I just wrapped up the 2026 National Credit Union Collections Alliance conference in Las Vegas. It was great catching up with familiar faces and making new connections. The credit union community is genuinely one of the most collaborative industries I've been a part of, and this conference reinforced that. People share openly. They want to help each other get better. That spirit was alive and well at the Bellagio this year.
I want to share some honest takeaways — not just the highlight reel, but the real conversations that stuck with me. Here's what stood out.
NCUCA draws a passionate crowd, but this year felt like a turning point. The main stage lineup covered a lot of ground: regulatory updates, economic outlook, strategic planning, bankruptcy law changes, digital-first recovery. The quality was consistently high. But the thread that ran through almost everything was AI. Not in a buzzword-bingo way. In a "we're actually doing this" way. Session after session tackled practical AI applications in collections, from automating back-office operations to using predictive analytics to intervene before accounts go delinquent to rethinking pricing models entirely. The message was clear and consistent: this isn't coming. It's here, and the credit unions that move now will have a real edge.
Credit unions aren't just exploring AI anymore. They're jumping in.
Now here's the part I can't stop thinking about.
I had many conversations with credit union leaders during the conference, and a pattern kept emerging. When it comes to vehicle recovery and remarketing, the prevailing approach is still: assign the case to a forwarder and hope for the best. Throw it over the fence. Move on.
And I get it. Collections teams are stretched thin. Delinquency is climbing. You're juggling regulatory pressure, staffing challenges, and member relationships. The forwarder handles the messy part so you can focus on everything else.
But here's the problem: you don't know what you don't know.
When the assignment leaves your hands, so does the visibility. How long did it take your forwarder to locate the vehicle? What was the condition at recovery? Did the lien check come back clean before remarketing, or did you find out about a title issue after the fact? Are you comparing performance across your service providers, or are you just trusting that it's being handled?
These aren't hypothetical questions. They're the ones that cost credit unions real money and real member trust when something falls through the cracks.
I want to be clear about something: having better data and visibility into your recovery pipeline doesn't mean you need to blow up your forwarder relationships. It means the opposite. It means you can finally evaluate those relationships with actual performance metrics instead of gut feeling. It means you can:
The credit unions that are winning in recovery right now aren't the ones doing everything themselves. They're the ones who partnered with technology that gives them the visibility and insights to make informed decisions, and then used that information to hold their entire ecosystem accountable.
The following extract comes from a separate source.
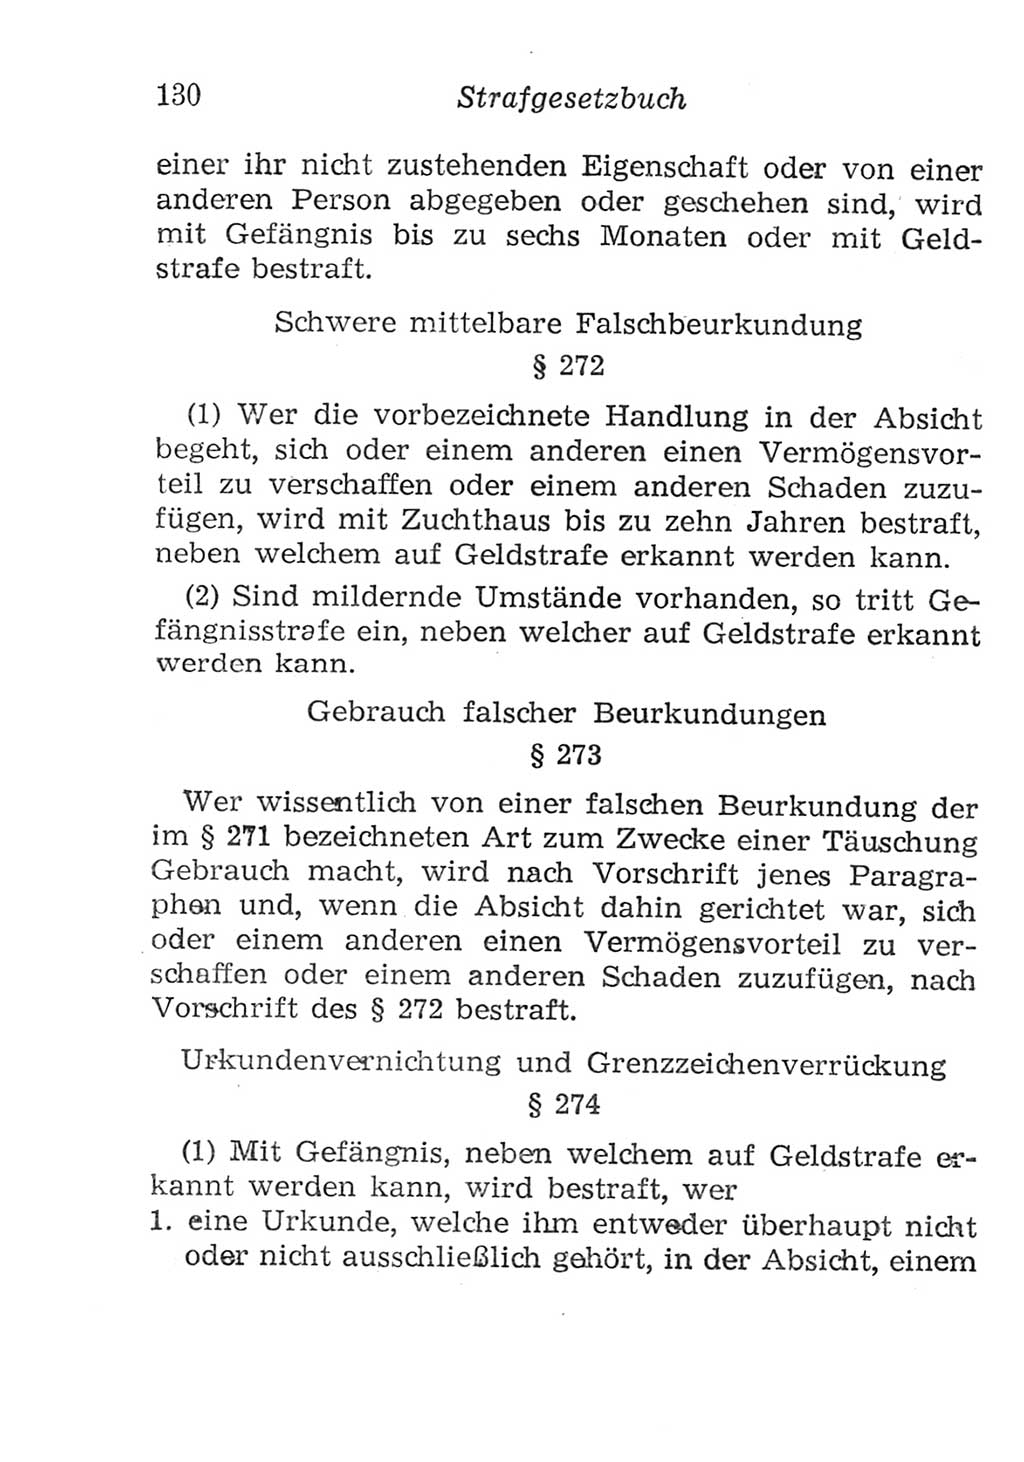 Strafgesetzbuch (StGB) und andere Strafgesetze [Deutsche Demokratische Republik (DDR)] 1957, Seite 130 (StGB Strafges. DDR 1957, S. 130)
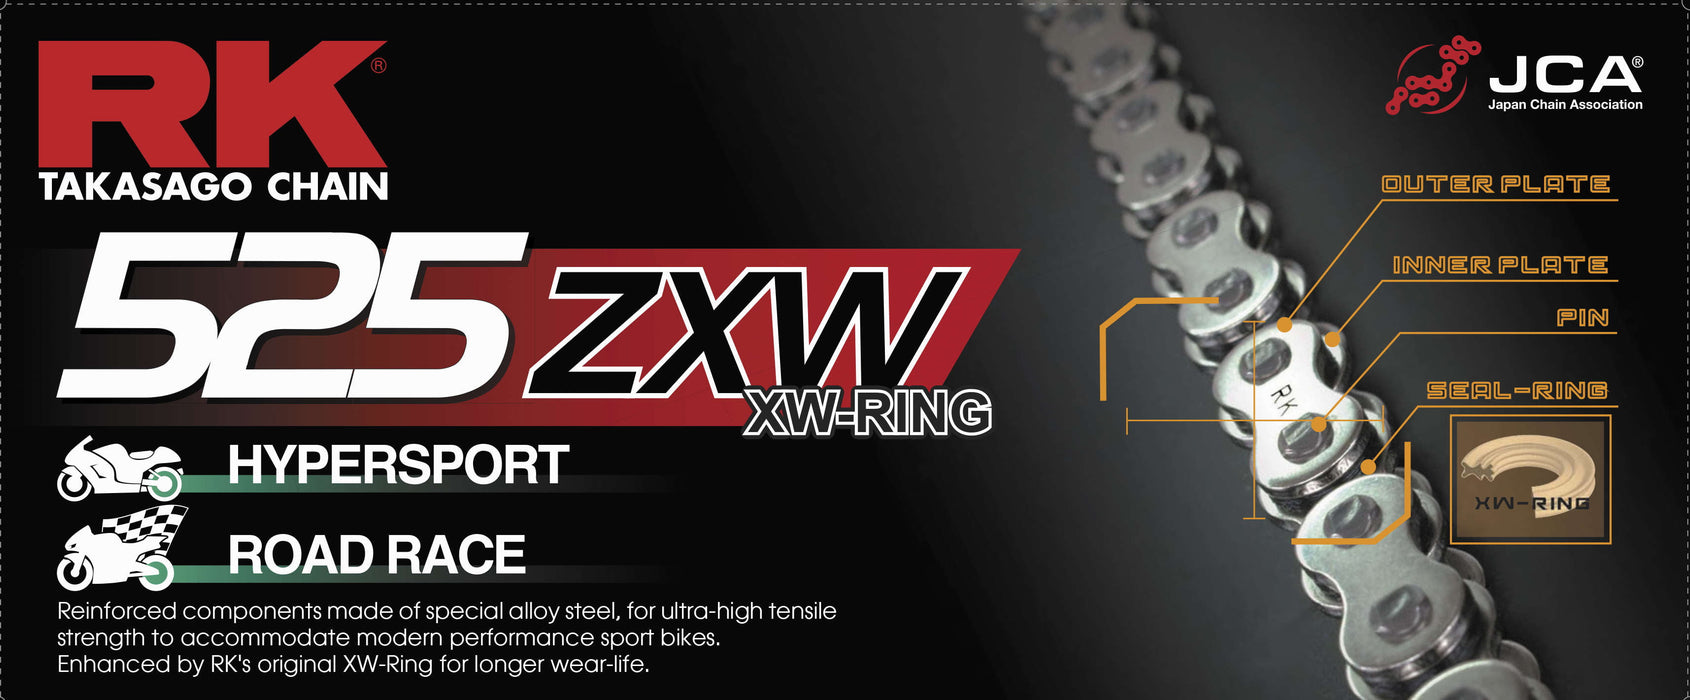 RK GB525ZXW-120 525 ZXW XW-Ring Chain - 120 Links - Gold

If there's one thing I'm taking back to my desk, it's this: the credit union industry is ready for change. The sessions made that clear. The conversations made it clearer. Whether it's AI in collections, digital-first recovery strategies, or simply demanding better visibility into the vendors you already work with, the appetite is there.
The question isn't whether to evolve. It's whether you'll have the data to do it well.
If any of this resonates, or if we connected at NCUCA and you want to keep the conversation going, I'd love to hear from you. Send me a note at eschuerman@mbsicorp.com. I look forward to hearing from you.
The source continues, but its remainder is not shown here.